# Home sweet home



## willpops (Apr 18, 2006)

As I came on US forums in order to gather informations about the lifestyle there (in France, we have a television vision of the US, something very _cliché_), I launch this thread, with a little rule to apply while posting in it :

Post here pictures *as natural as possible* (this does not mean bad pictures) from locations near to where you live, with every time the name/country/state where the pictures were taken. Not only US pictures are allowed, naturally.

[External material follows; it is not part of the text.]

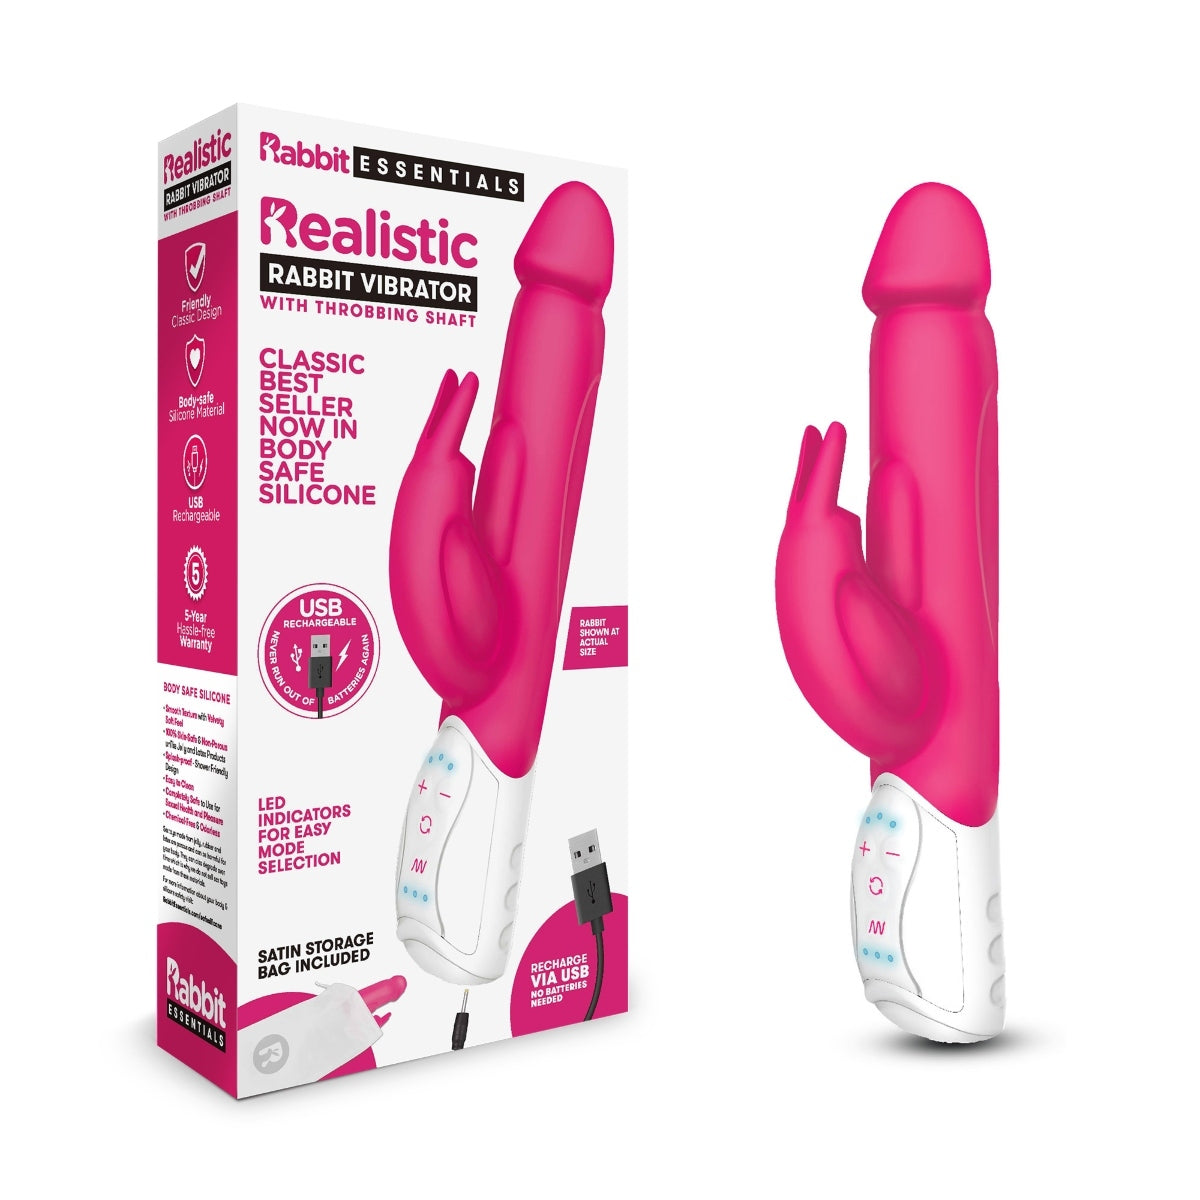 Rabbit Essentials Realistic Rabbit Vibrator With Throbbing Shaft Hot Pink

Here I begin with Strasbourg (France), where I live :
(they've got nothing special, as you see...)


----------



## willpops (Apr 23, 2006)

I think this thread has just crashed


----------



## daydan (Apr 24, 2006)

does normal mean bad? it is in a way what you give in your photographs here, with a lack of originality. thoses pics are arent normal, they are like banal; sorry but you could have made an effort. I hope you'll give something better next time.
Common things have to be shown in a subtil way, to make us feel their common side. You need to play on the visual effect, remember it is visual art you are exploring.


----------



## willpops (Apr 25, 2006)

My aim is here was in fact to show something "without the photographic magic" (that's what I name "natural"). Something very demonstrative, if you want.
But I guess that was a bad idea after all


----------



## WNK (Apr 25, 2006)

On the contrary, I think its a very good idea, willpops
I dont have any pics suitable right now, but when I go out today, I'll have to see if I can discover some neat "everyday" shots from around where I live.  I look forward to seeing everyone else's! :mrgreen:


----------



## daydan (Apr 27, 2006)

ok it may be "conceptual"? but dont you think the hard thing is to give magic to a photograph? for me it is the goal, maybe we can find others


----------



## willpops (Apr 28, 2006)

"As I came on US forums in order to gather informations about the lifestyle there (in France, we have a television vision of the US, something very _cliché_), I launch this thread [...]"

Nothing "conceptual" there, but only "tourists instincts". If you post some artistic pictures here, how could I see the every day life in your local area? I'm agreed with you, that the magic you give to the picture is the most difficult thing to do, but here, I precised in the topic : "just show reality", because I just want to see pictures that show reality...


----------



## daydan (Apr 29, 2006)

the difference between what i think and what you think about photography, is that the "magic" of photography don't take out the part of reality, but on the contrary emphasises it. it isnt because a photograph is artistic that you cannot see reality in it. anyway, i know france, and for the me this is not the common reality of france. even in documentary images respect some photography rules (no blur, no burnt colors, balance in the compostion...)


----------



## willpops (Apr 29, 2006)

Magic of photography tends to "put a spell" on the reader of the concerned picture, and somehow modifies reality. (That's my point). You say that it emphasises it ; I'm agreed with that, but to emphasise it, is a sort of modification. In anyway, taking a picture will never give the same picture as the one we saw with our eyes (for the eyes read a scene with a very fast "scanning", whereas a camera reads a certain angle in one time).
To confirm what you say about you and me thinking differently, I think you're right : when I take a picture, I want it to be the more "uncommon" that it can be. That's why I do not really love birds photographs, or journalism photographs for example.
About blur, burnt colors, I totally agree with you  Those pictures are in fact "what remains", but I can't really say why, there's something in them that I love. Maybe an affectionnal feeling of "home sweet home" (from there comes the title of the thread).


----------